THE DOCUMENTARY section this year is very rich. The first episode of the acclaimed documentary series, The US and the Holocaust by Ken Burns, Lynn Novick and Sarah Botstein, will be shown in the Documentary Program. This episode, The Golden Door, looks at how the US closed its doors to immigrants as Nazism was on the rise in Europe. The series provoked a great deal of discussion over the issue when it was shown on PBS in the US earlier this year.

Reckonings, the latest film by Roberta Grossman, will be shown. Grossman made such acclaimed documentaries as Above and Beyond, the story of the founding of the Israeli air force and Who Will Write Our History, an exploration of a secret archive created by Jews in the Warsaw Ghetto. Reckonings explores the tense negotiations that led to the decision to grant reparations to Holocaust survivors.
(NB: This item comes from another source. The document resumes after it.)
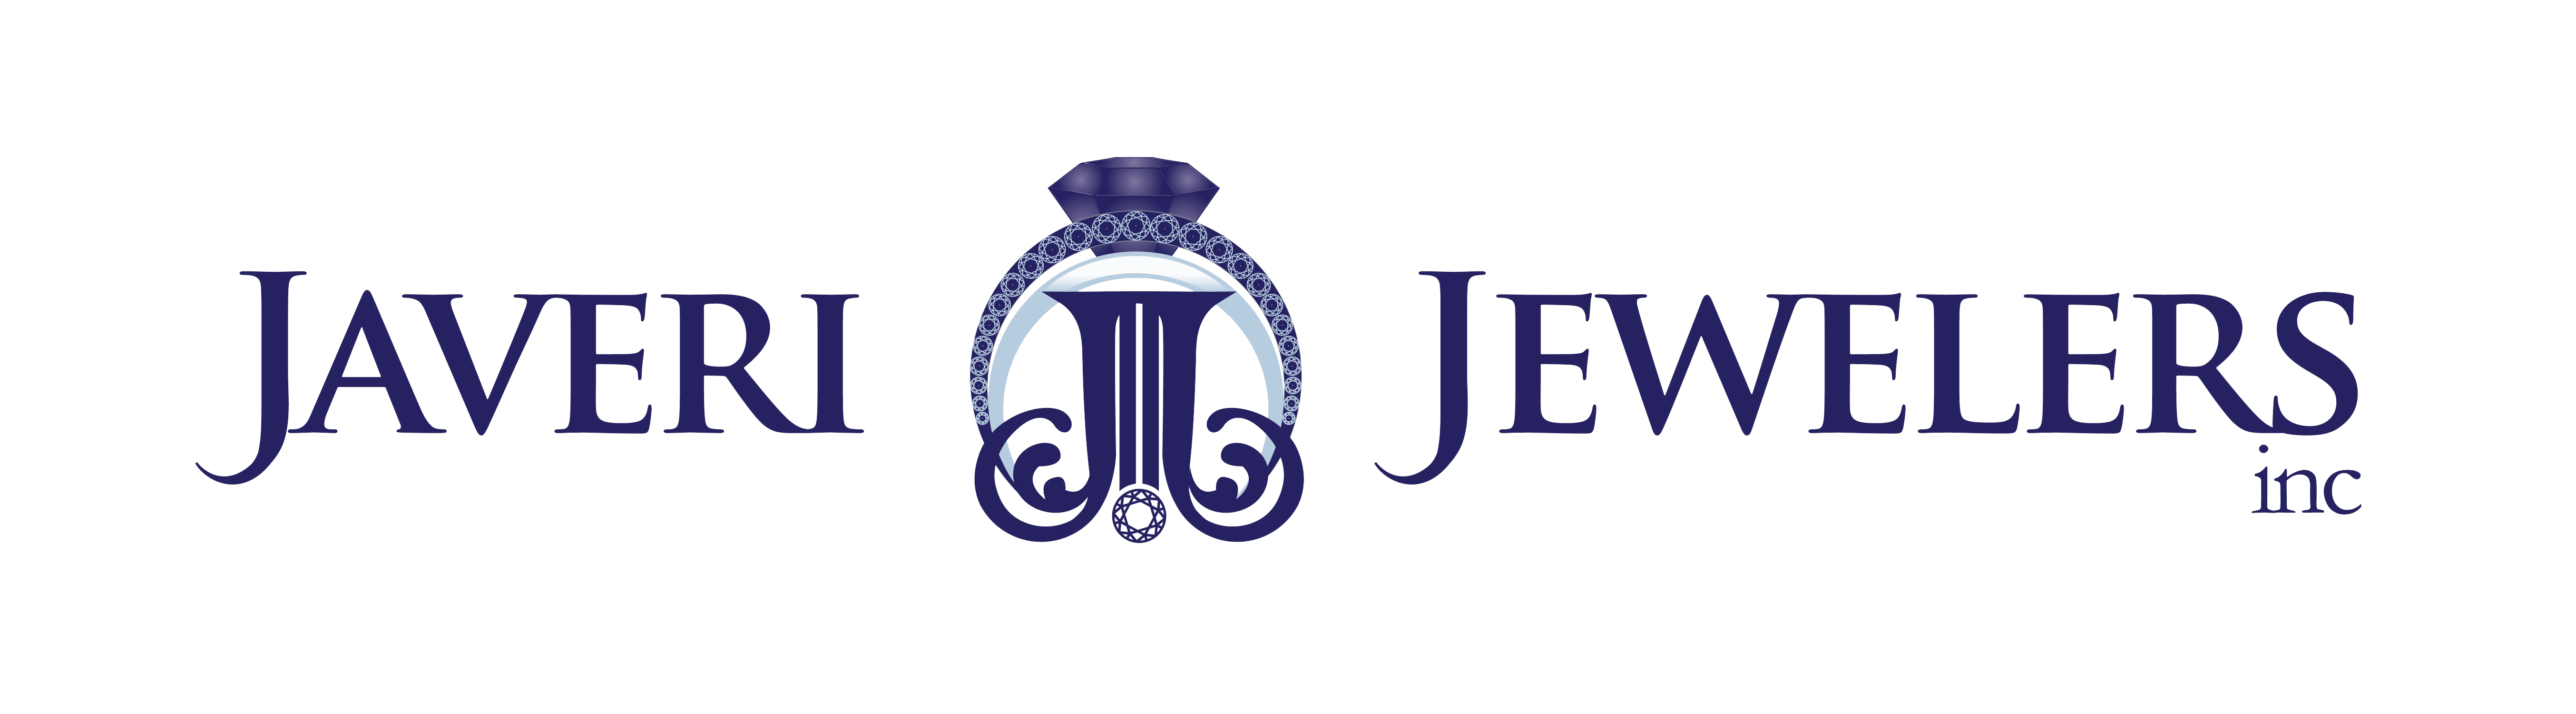 Javeri Jewelers Inc logo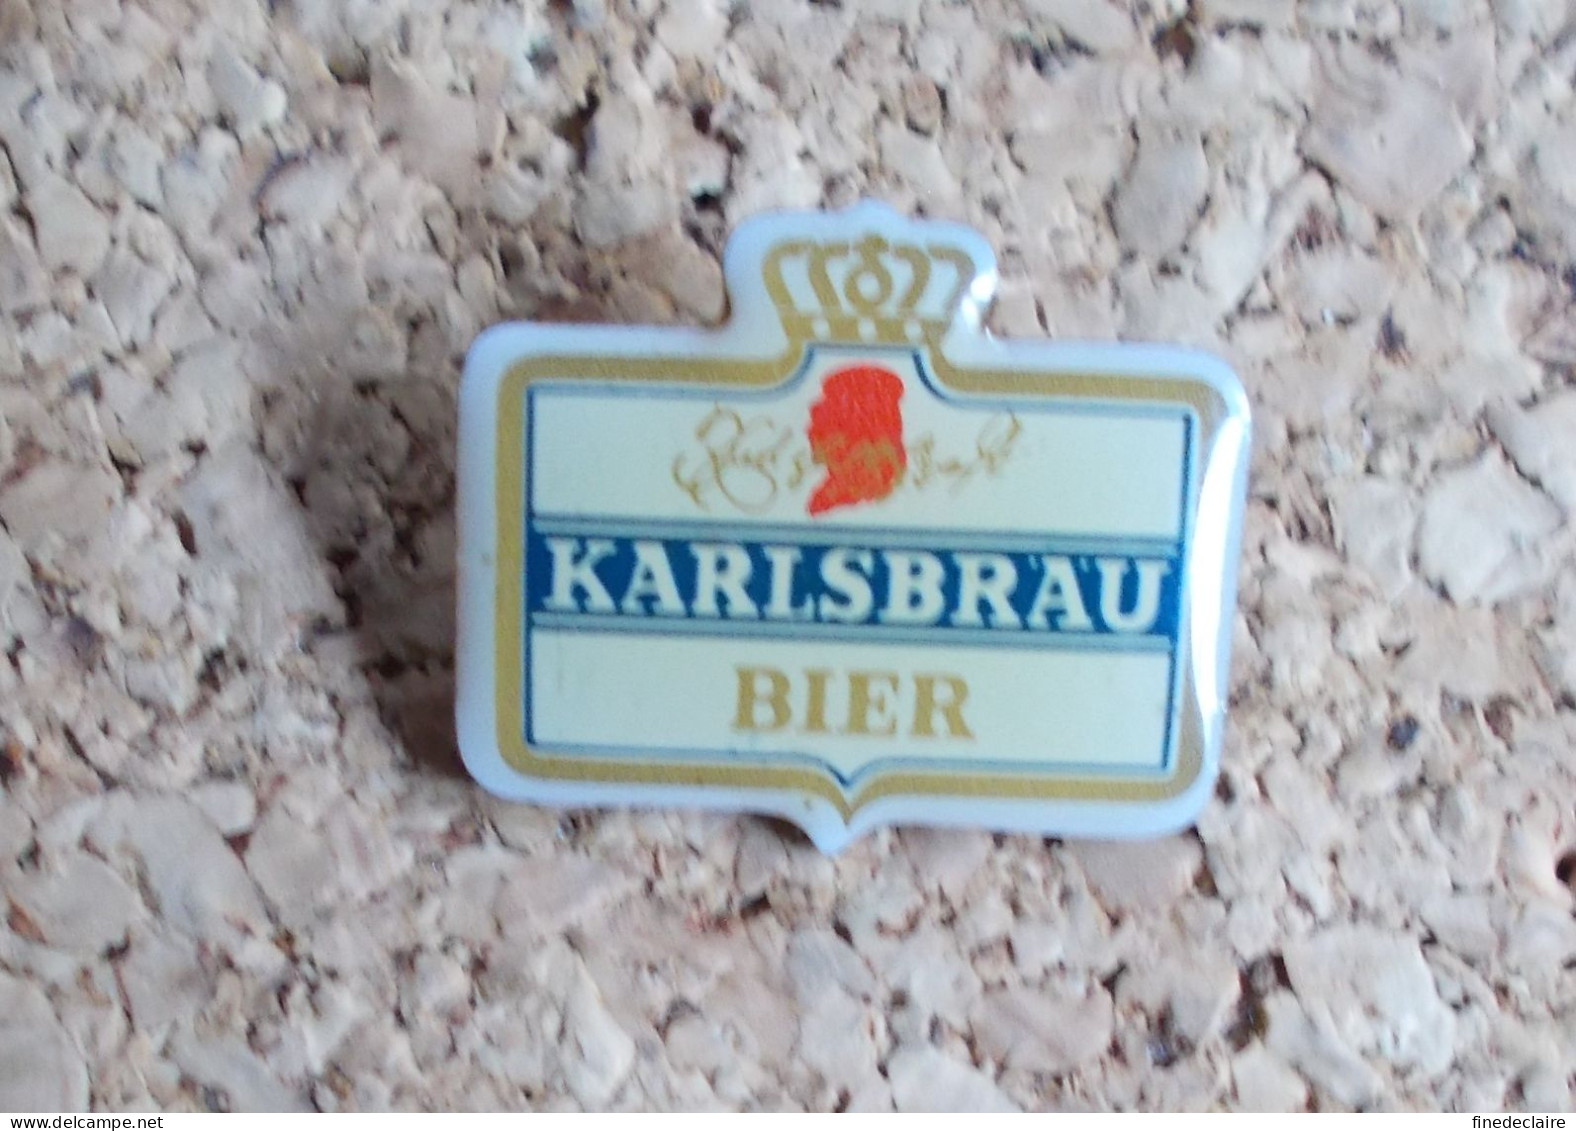 Pin's - Bière Bier Karlsbrau - Beer

Also in the Documentary Program will be Lisa Hurwitz’s extremely entertaining film, The Automat, an affectionate look back at what was once an American institution. Mel Brooks (who even sings a song he wrote about his love for the iconic restaurant chain), Carl Reiner and Ruth Bader Ginsburg are among the interviewees who wax nostalgic about the mechanized-meal mecca.

In the International Competition, Michel Kichka’s graphic novel has been adapted into the film, My Father’s Secrets by Vera Belmont, an animated look at the struggles of first – and second-generation Holocaust survivors to come to terms with the past. A program called Cinemidrash Elul will feature a lecture following the film.

Another film in the Cinemidrash Elul program will be the documentary, We Made Matza Balls for the Revolution by Kellie Wellborn, a look at a collectively run kosher restaurant that opened in the 1970s in Washington, DC.

Leon Prudovsky, who made the enjoyable comedy, Five Hours from Paris, has a new feature in the International Competition, My Neighbor Adolf. In this film, which was made in Colombia, a lonely Holocaust survivor (David Hayman) convinces himself that his new neighbor (Udo Kier) is none other than Hitler. A skeptical Israeli consulate employee won’t do a thing until he finds proof, so he finds himself getting closer to the German emigre, trying to trap him in ways that become surreal and comic.

Hallelujah: Leonard Cohen, a Journey, a Song by Dan Geller and Dayna Goldfine, a look at the saga of Cohen’s famous song, will be shown with a lecture and a concert.

Among the many special programs will be films from the Maaleh Film School’s ultra-Orthodox track, presenting the work of its seventh graduating women’s class. These films give a unique glimpse at the female ultra-Orthodox-religious world and beyond.

Roni Mahadav-Levin, the CEO of the Jerusalem Cinematheque is the director of this festival and Daniella Tourgeman is the festival’s artistic director. This year’s Jerusalem Jewish Film Festival is being held with the support of the Culture Ministry, the Azrieli Foundation, the Jerusalem Municipality, the Jerusalem Foundation, the Avi Chai Foundation, the Gesher Fund for Multicultural Cinema, Helene Schoumann and Jill Samuels.